Refrigerator Storage

  • Store in an airtight container.
  • Keep in the fridge for up to 3 days.

Freezing Easy Chicken Fried Rice (Restaurant-Style)

  • Use freezer-safe containers or resealable bags.
  • Freeze for up to 2 months for optimal freshness.

Reheating Easy Chicken Fried Rice (Restaurant-Style)

  • Oven: Preheat to 350°F (175°C), spread on a baking sheet, cover with foil, and heat for about 15 minutes.
  • Microwave: Place in a microwave-safe dish, cover loosely, and heat for 2-3 minutes, stirring halfway through.
  • Stovetop: Heat a little oil in a pan over medium heat, add the fried rice, and stir-fry until heated through.

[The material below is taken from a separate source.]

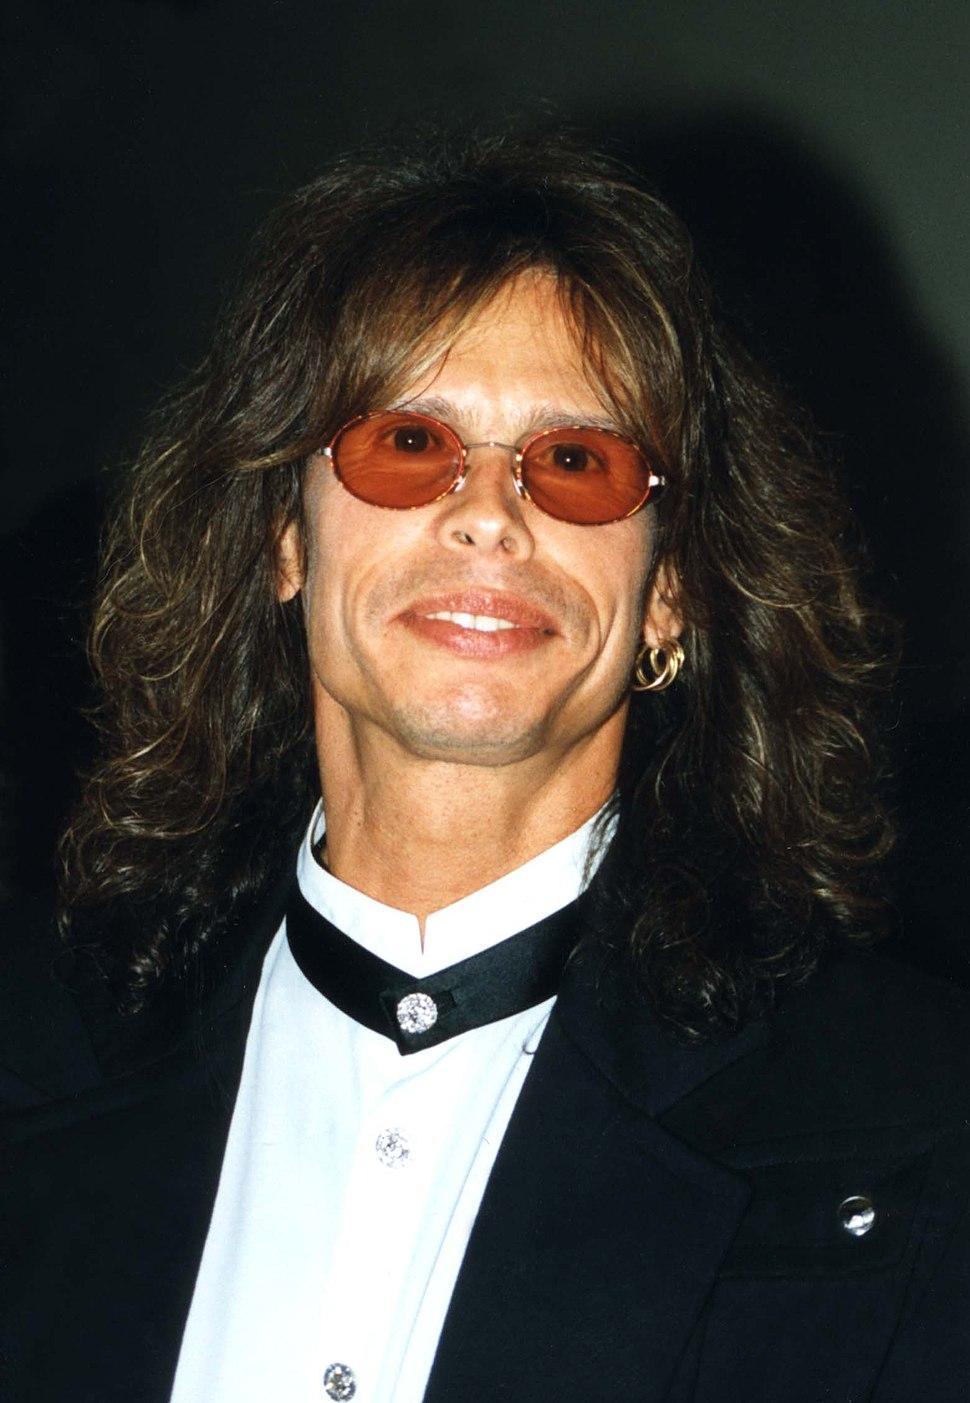 Steven Tyler 1996
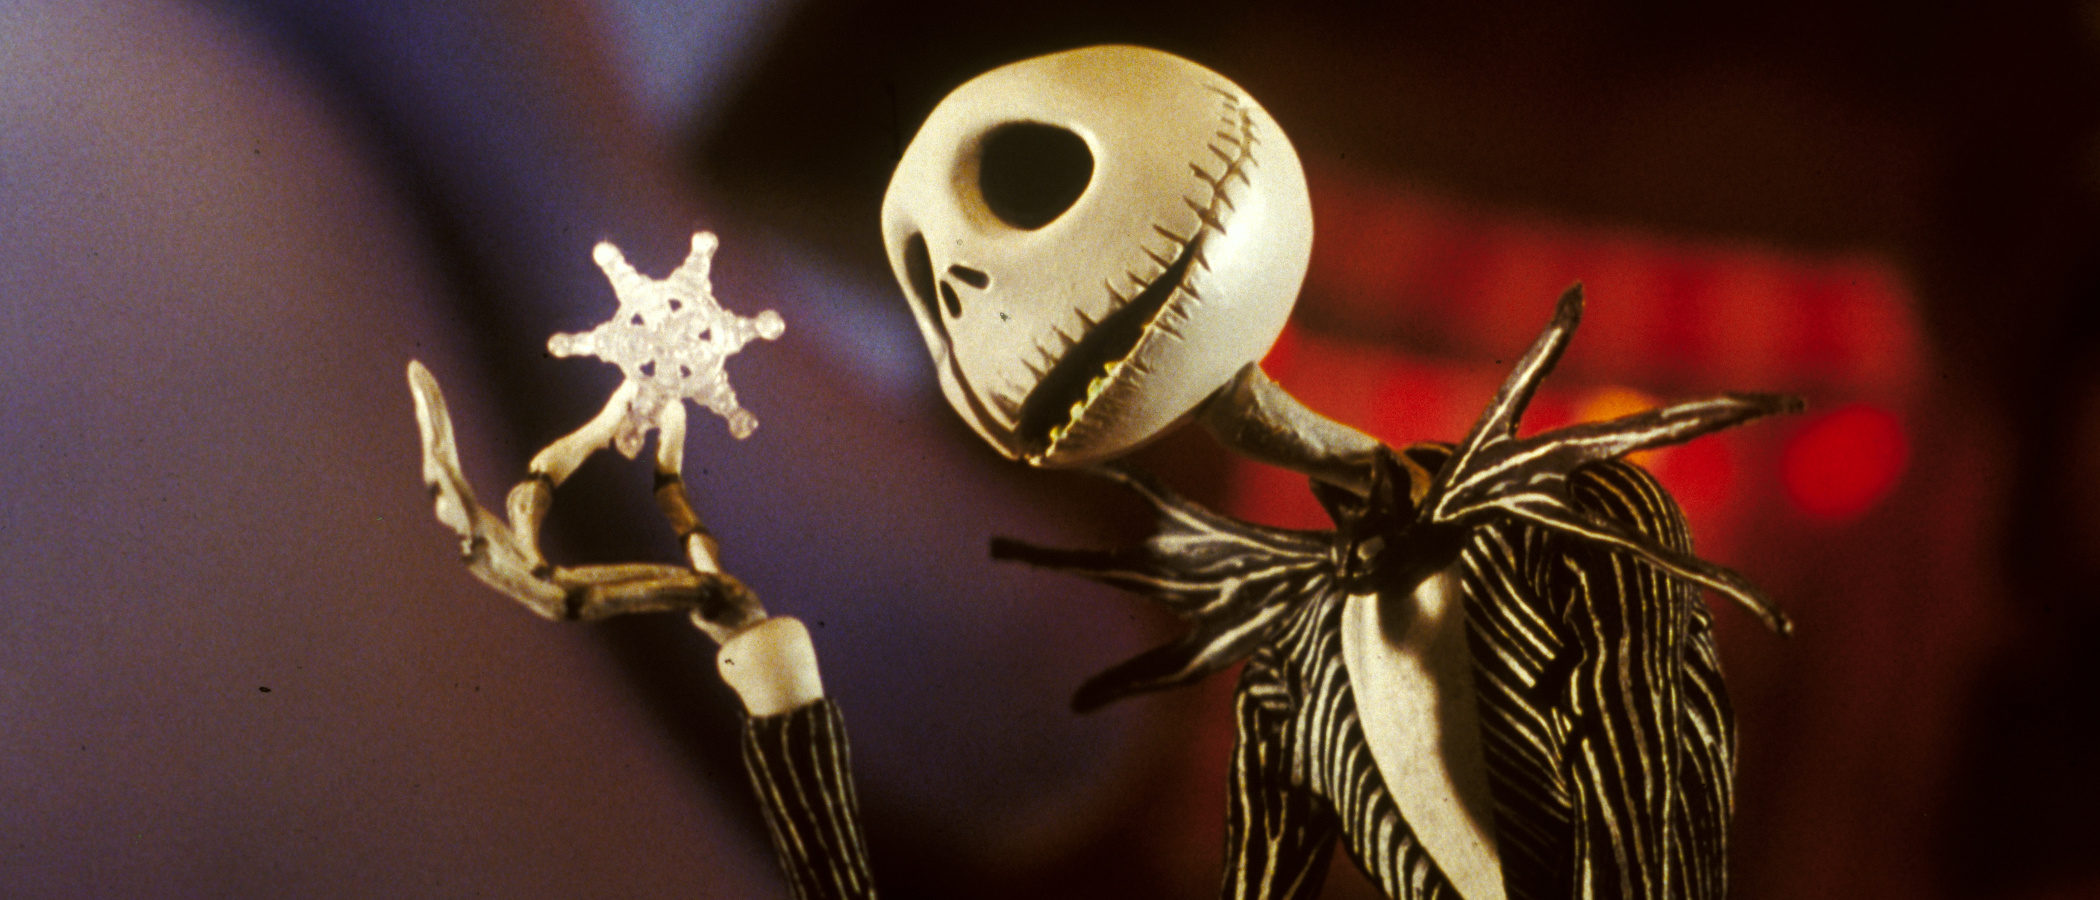 Paso a paso: Disfraz de Jack de 'Pesadilla antes de Navidad' para Halloween

Frequently Asked Questions

Here are some commonly asked questions about making Easy Chicken Fried Rice (Restaurant-Style).

Can I use leftover chicken?

Yes! Leftover chicken works perfectly in this recipe. Just chop it into small pieces before adding it to the rice.

What vegetables can I add?

Feel free to customize with vegetables like bell peppers, corn, or broccoli. Fresh or frozen options both work well.

How do I make it vegetarian?

Simply omit the chicken and add more vegetables or plant-based protein alternatives like tofu for a vegetarian version.

Can I make this dish ahead of time?

Absolutely! Prepare your chicken fried rice ahead of time and store it in the refrigerator or freezer as mentioned above.

Is this recipe gluten-free?

To make your Easy Chicken Fried Rice (Restaurant-Style) gluten-free, use tamari instead of soy sauce.

Final Thoughts

This Easy Chicken Fried Rice (Restaurant-Style) is not only tasty but also versatile. You can easily customize it by adding your favorite proteins or vegetables. It’s perfect as a main dish or side and is sure to impress anyone who tries it!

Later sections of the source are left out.